Come now, Canadians are the most law-abiding people on the planet. They can't help themselves...
He started talking disparagingly about Black Lives Matter. This entire conversation happened in five minutes, while I was frantically getting dressed to leave. I wasn’t there to argue, and I felt deeply uncomfortable.
If you were a different person you would have felt "deeply uncomfortable" the moment you accepted his invite to his place.
This is why we don't sleep with people on the first date, my dear Canadian essayist, but wait until we know them well enough to be sure we like them. I suspect, however, your Texan is more likely to learn that lesson.
Um no, he's a guy...
I got a Lyft home and I thought I was done with him. The next day he messaged me on Tinder. He said, “Hope you’re still not upset over politics LOL.” I explained that it’s hard for me to remain attracted to someone whose views are so different from mine, and who believes in bigotry and xenophobia—which sucked, because the sex was amazing.

Then he said, “Not accepting other people’s beliefs is the definition of bigotry.”

So apparently it was my fault.
Yes. Though the word you want is actually.
He sent me a “hey” message a week later, which I never replied to.

I couldn’t do it again. It feels taboo to sleep with a Trump supporter. But here’s the thing: I’ve slept with a lot of people in my life. This guy ranked in the top five. I thought maybe I’d try him again one night at 3 a.m., when I was drunk enough to overlook his political views. But I couldn’t bring myself to do it.
And thank goodness for that. Listen to her reducing him to a s3xual object.
I don’t want to wake up next to a guy who blames Mexicans for his woes and thinks “bigly” is a word, no matter how handsome he is.
I can only hope that "Tex" reads this, if only to know that he dodged a bullet...
Posted by:badanov

#14  #12 - "I'm a Toronto small town Canadian girl with round heels and heightened emotional instability and self-importance who recently moved to America..."
Posted by: Frank G   2016-12-09 22:17  

#13  How sad of a woman.
Posted by: Harry Grundy2446   2016-12-09 19:09  

#12  I miss the old 'Letters to Penthouse' days.
Posted by: Pappy   2016-12-09 17:46  

#11  This almost reads like a parody. If the guy wrote it himself he wouldn't' come off any better.
Posted by: rjschwarz   2016-12-09 14:00  

#10  Slut, well the same could be said for the man.
Posted by: Pearl Wholugum8484   2016-12-09 13:34  

#9  Slept with a lot of guys? In my part of the world we call that the definition of a slut. A whore charges, is the main difference.
Posted by: USN, Ret.   2016-12-09 13:29  

#8  Such lovely claws you have my dear.
Posted by: Ulavitle Jineper6648   2016-12-09 13:23  

#7  And you loved it, you slut.
Posted by: DarthVader   2016-12-09 11:50  

#6  I've tried to tell you people in several previous comments the old story of how the country got tilted so all the loose fruits and nuts rolled out to California. It couldn't be helped that some of Canada's loose fruits and nuts rolled out here too. I still love it here but sometimes having to deal with people like this bimbo makes it difficult.
Posted by: Abu Uluque   2016-12-09 11:21  

#5  So now we have a 'root' cause for the trend of the waning whites.
Posted by: Skidmark   2016-12-09 11:09  

#4  Come now, Canadians are the most law-abiding people on the planet They can't help themselves....

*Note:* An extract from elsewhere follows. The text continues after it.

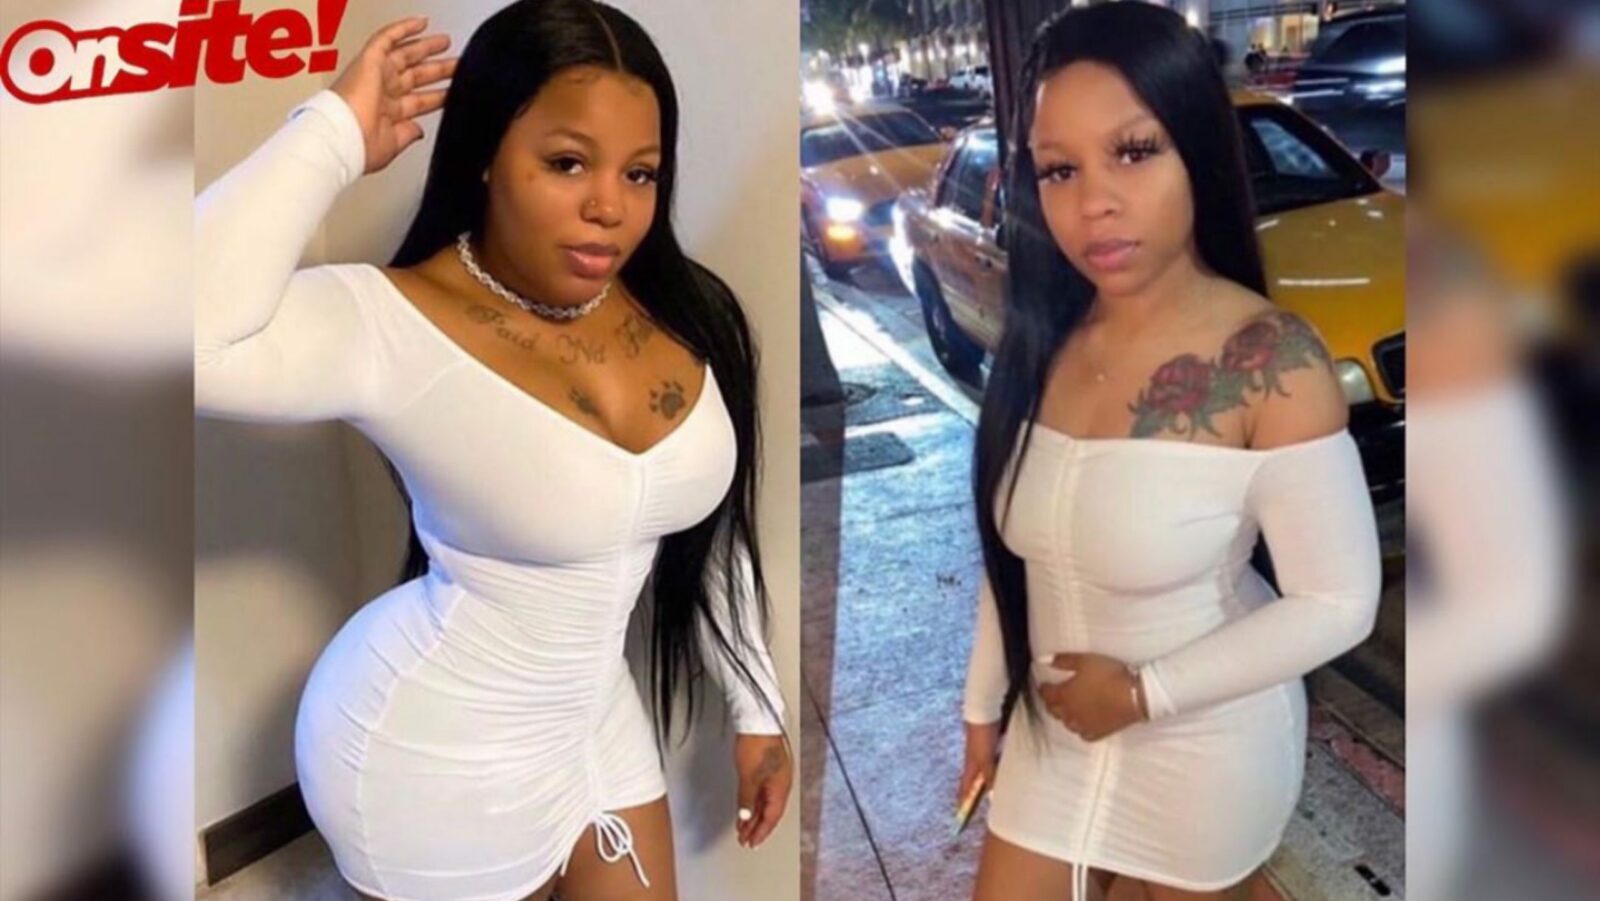  Juiccy Baby’s Sister Throws Shade and Implies MoneyBaggYo Is Still Involved With Whitney White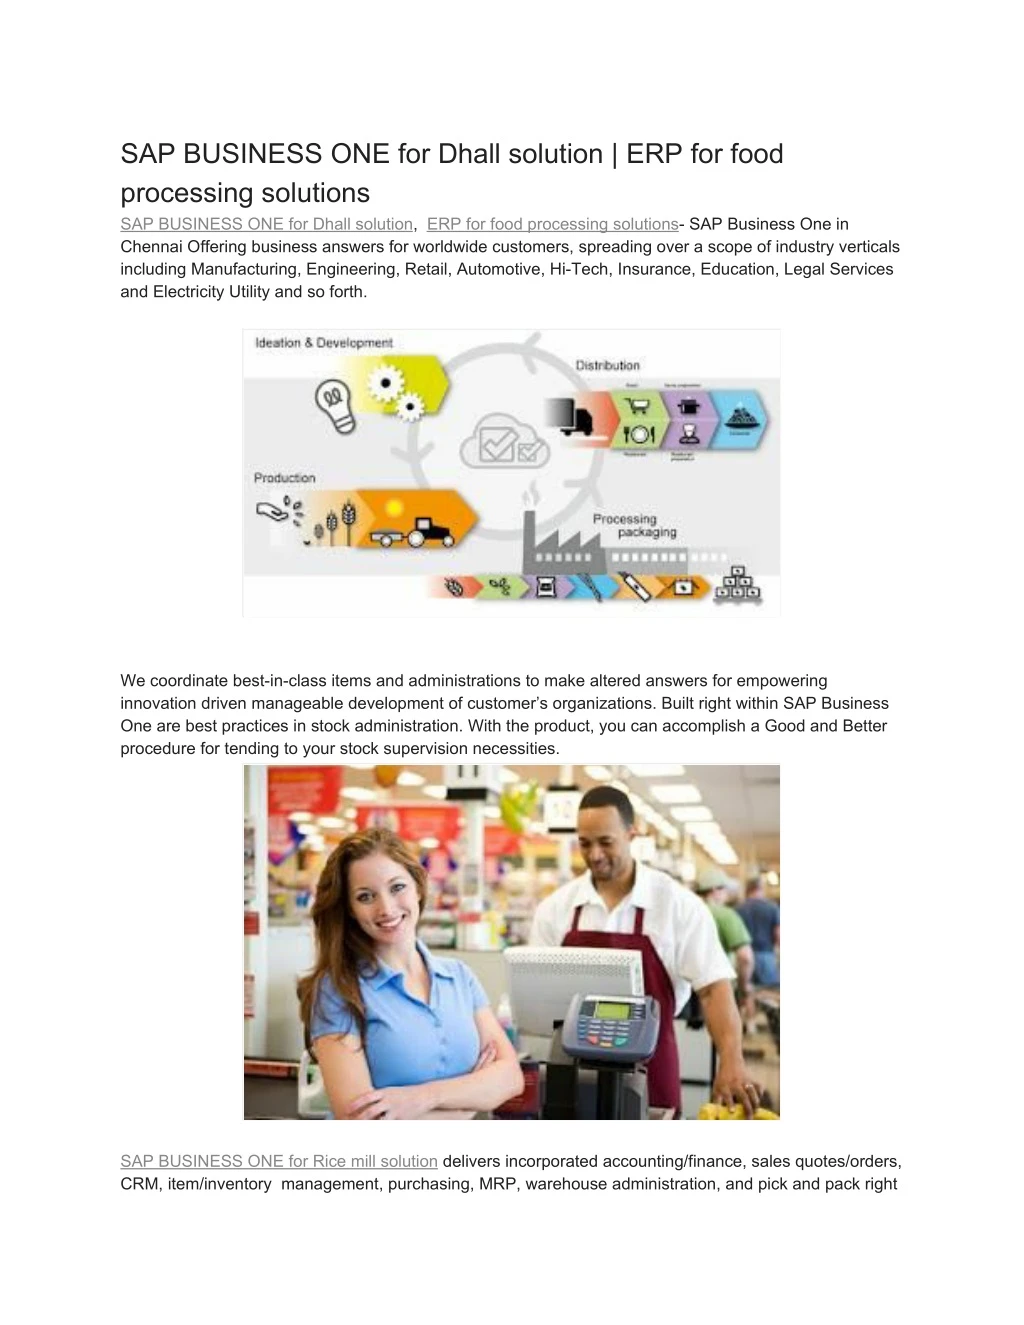 sap business one for dhall solution erp for food

Maybe because of their strict immigration laws?
Posted by: Procopius2k   2016-12-09 07:33  

#3  i hear there is twit in Montana who needs a loving Trump-hater partner; maybe you two can work something out.

#stephland
Posted by: Airandee    2016-12-09 07:14  

#2  I’ve slept with a lot of people in my life. This guy ranked in the top five.

IMO, he should go to his doctor and have a check for STD.
Posted by: g(r)omgoru   2016-12-09 03:03  

#1  Sounds like the guy dodged a bullet; she sounds like a real shitferbrains.